Hoje, agora, neste momento, minha cabeça enlouqueceu; veja como ela gira, meus olhos estão mais densos, está se tornando escarlate, por que fiz isso?, as pessoas não são mais aquelas que me amavam, meus colegas deixaram de ser meus amigos, ou vice-versa, estou louco, um turbilhão de loucuras. Ei!  você, venha cá. incompreendido. Meu sangue está heterogêneo, estou hesitante a meu respeito, quem sou eu, que mundo é este.
Padeço!

Você está no meu pensamento, a qualquer hora, a todo momento, não naquele dia, já se foram vários dias.

Você não é minha, nunca foi, nem ao menos me deu satisfação, assim como no principio.
Quis saber a verdade, agora sabe; você é forte, Sou fraco.
É brincando que se conhece as pessoas.
Você brincou, conheceu, agiu com ironia. Por quê?. Sim.
Não perdi as esperanças, agora sim amanhã não.

Em novembro vimos que podemos ser válidos por servirem de espias terrenos, por isso não subjuguem nossas capacidades de lamentar o imediato. Onde há interesse mútuo há covardia também, somente somos livres da corrupção a partir do momento que deixamos de lado as coisas comezinhas materiais; alijemos esse mau que nos afeta, o orgulho.

No auge de uma existência floresce no âmago dos amores emoções plenas para uma eternidade.

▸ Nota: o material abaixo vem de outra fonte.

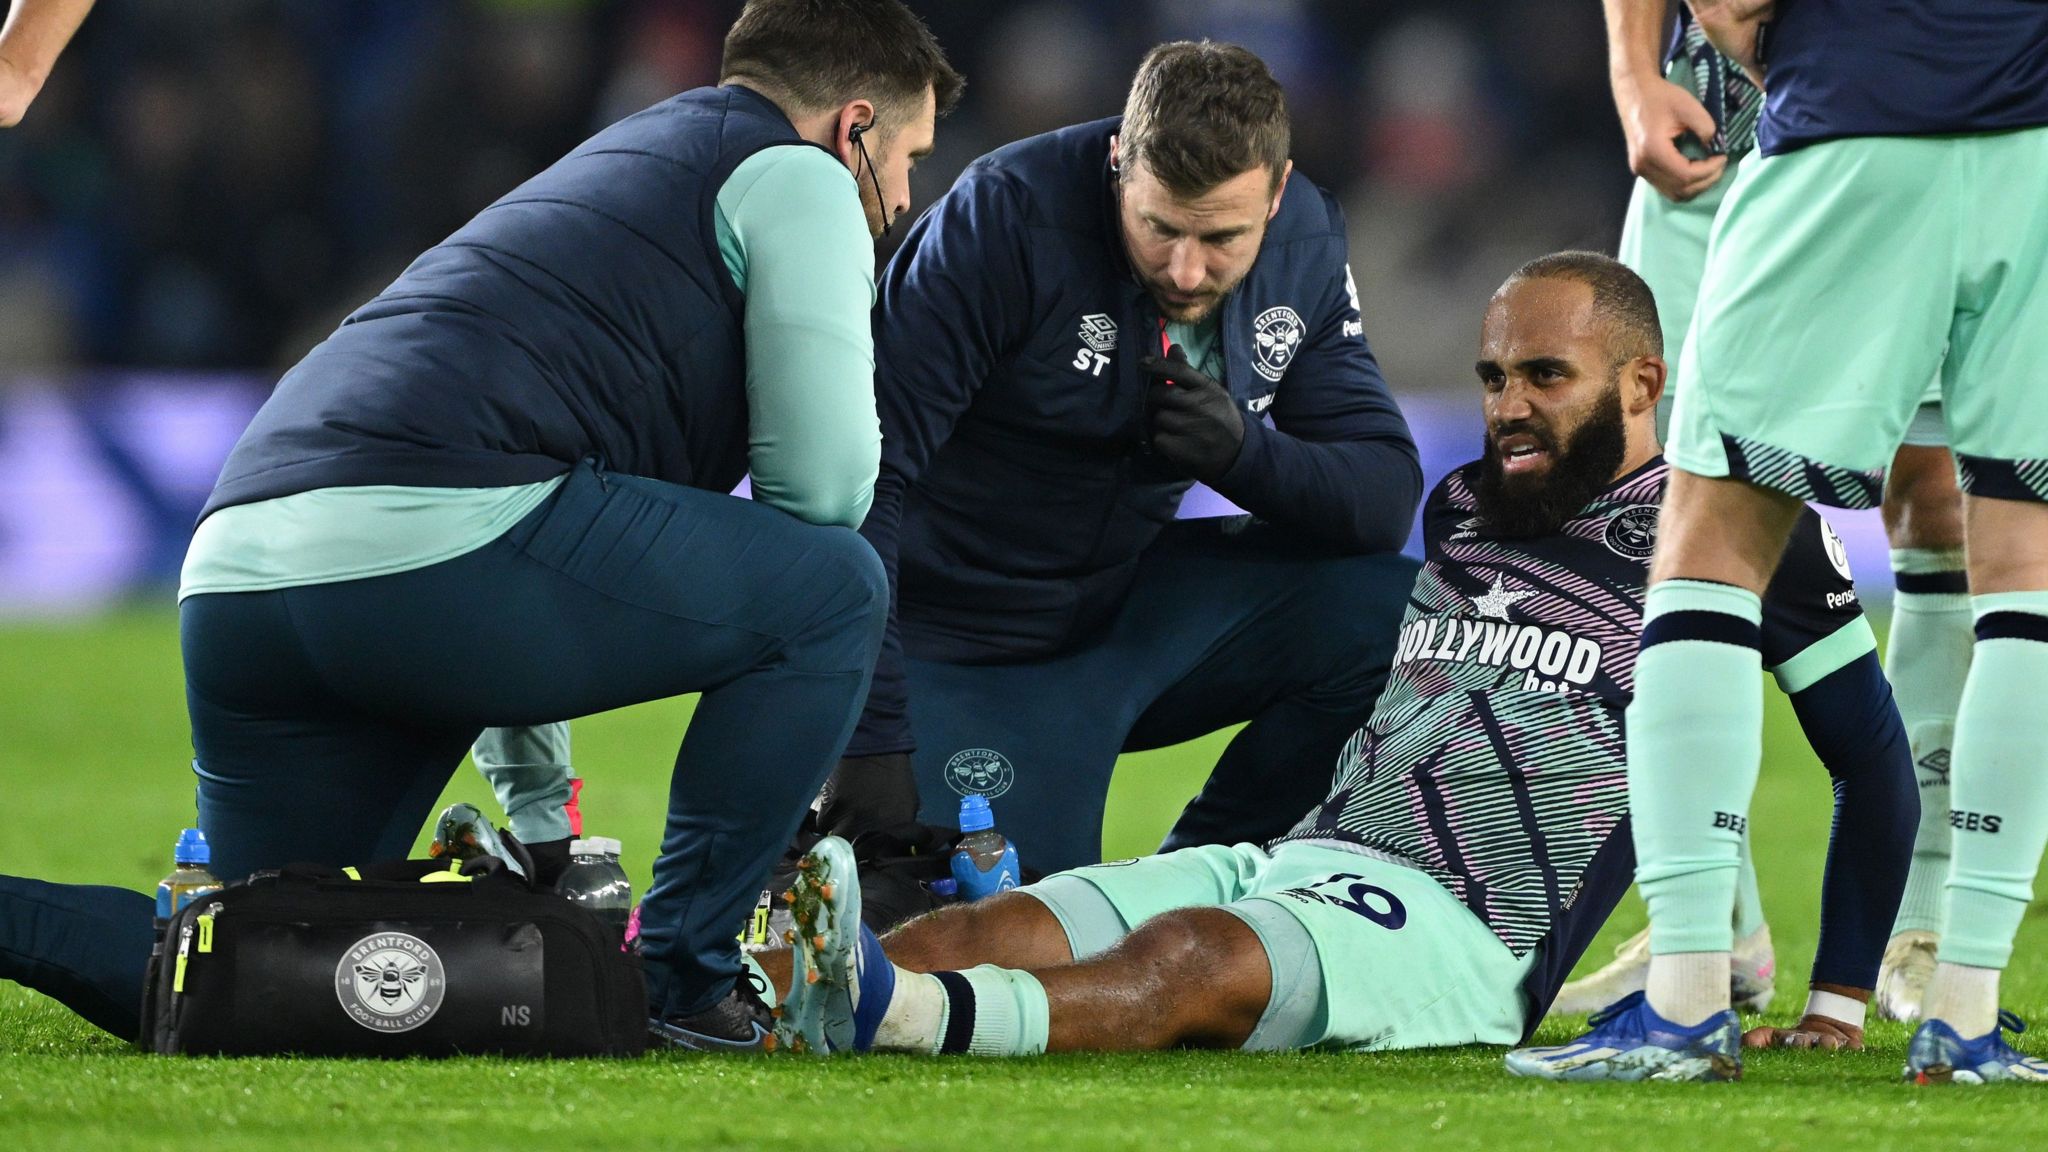 Bryan Mbeumo receives treatment on an injury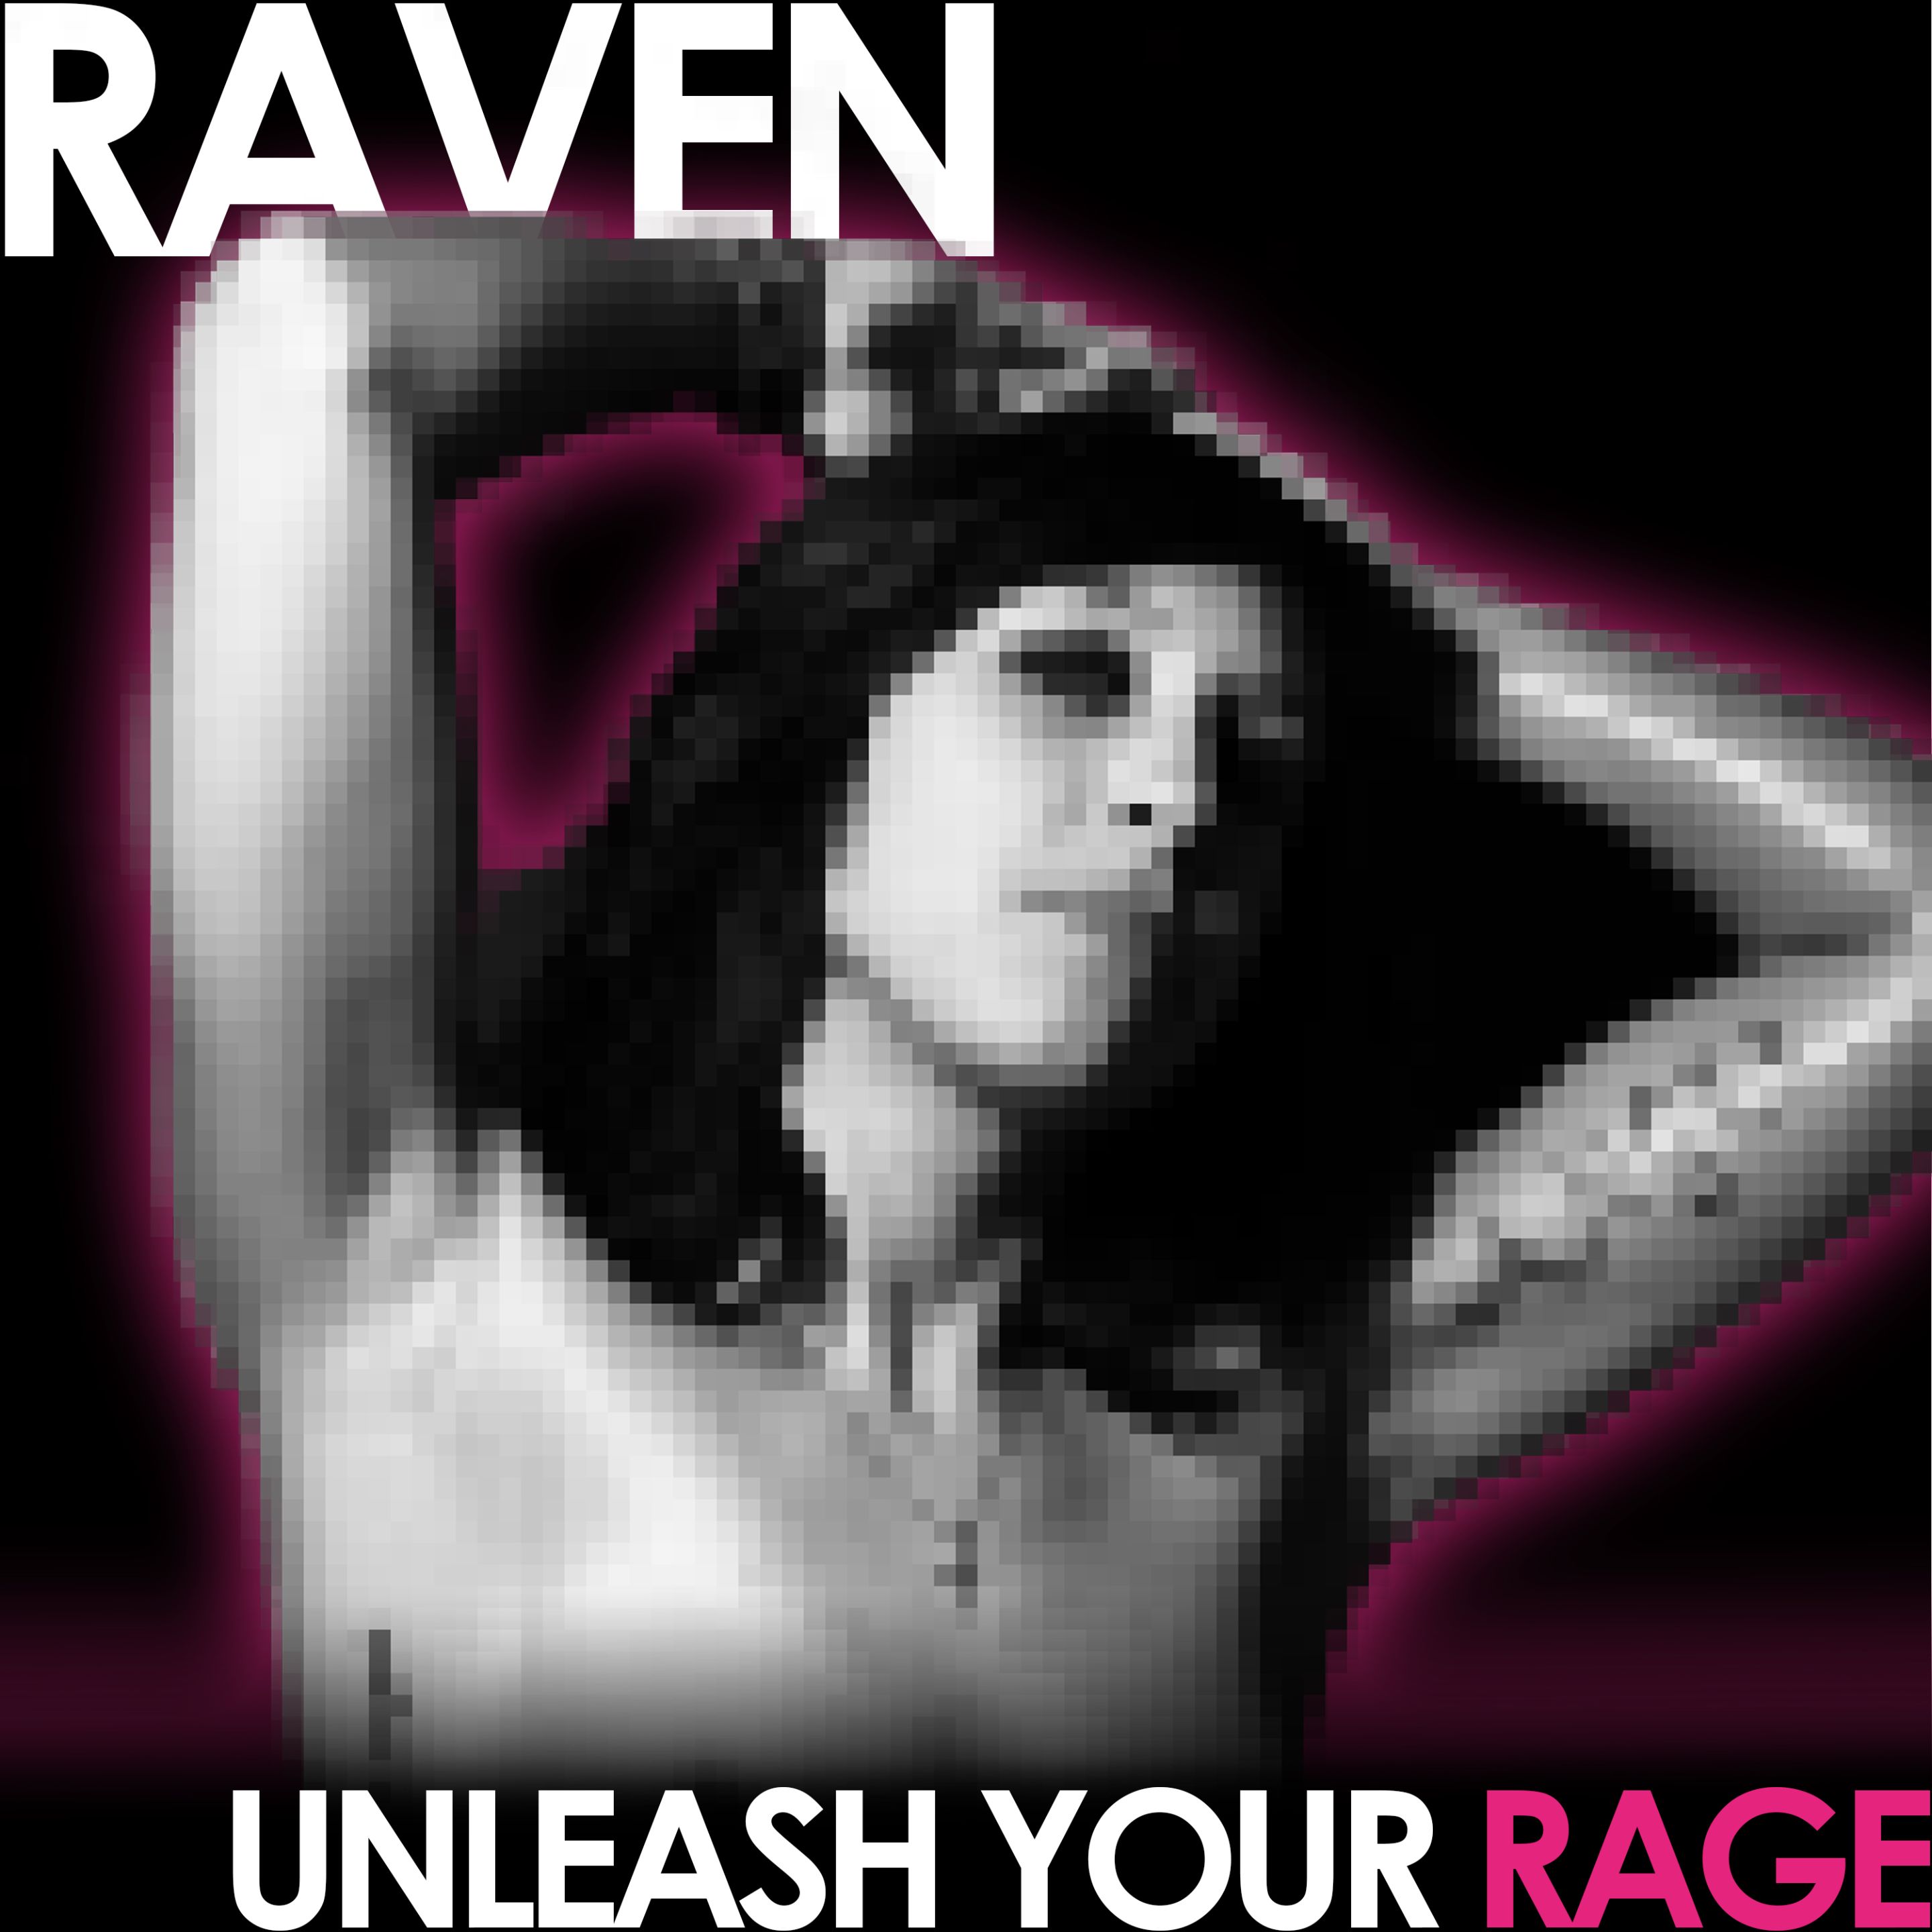 CD Cover Unleash Your Rage.jpg

... e aí depois de mais um dia, surge mais uma vez do imortal que ainda em vida trabalha com pensamento firme e sempre objetivo, e que o amanhã não é tão longe quanto parece... e por muitos anos, na verdade dez, ou melhor doze, não sabia moralmente o que fosse viver - muito lindo ou melhor não sabia viver. Está tudo errado, não consigo indexar minhas idéias.

... e por mais que tente, não esforço, pois não há condições para isso, vegeto, ora...

Existência alienada, poderá eu viver logicamente nessa existência? Não.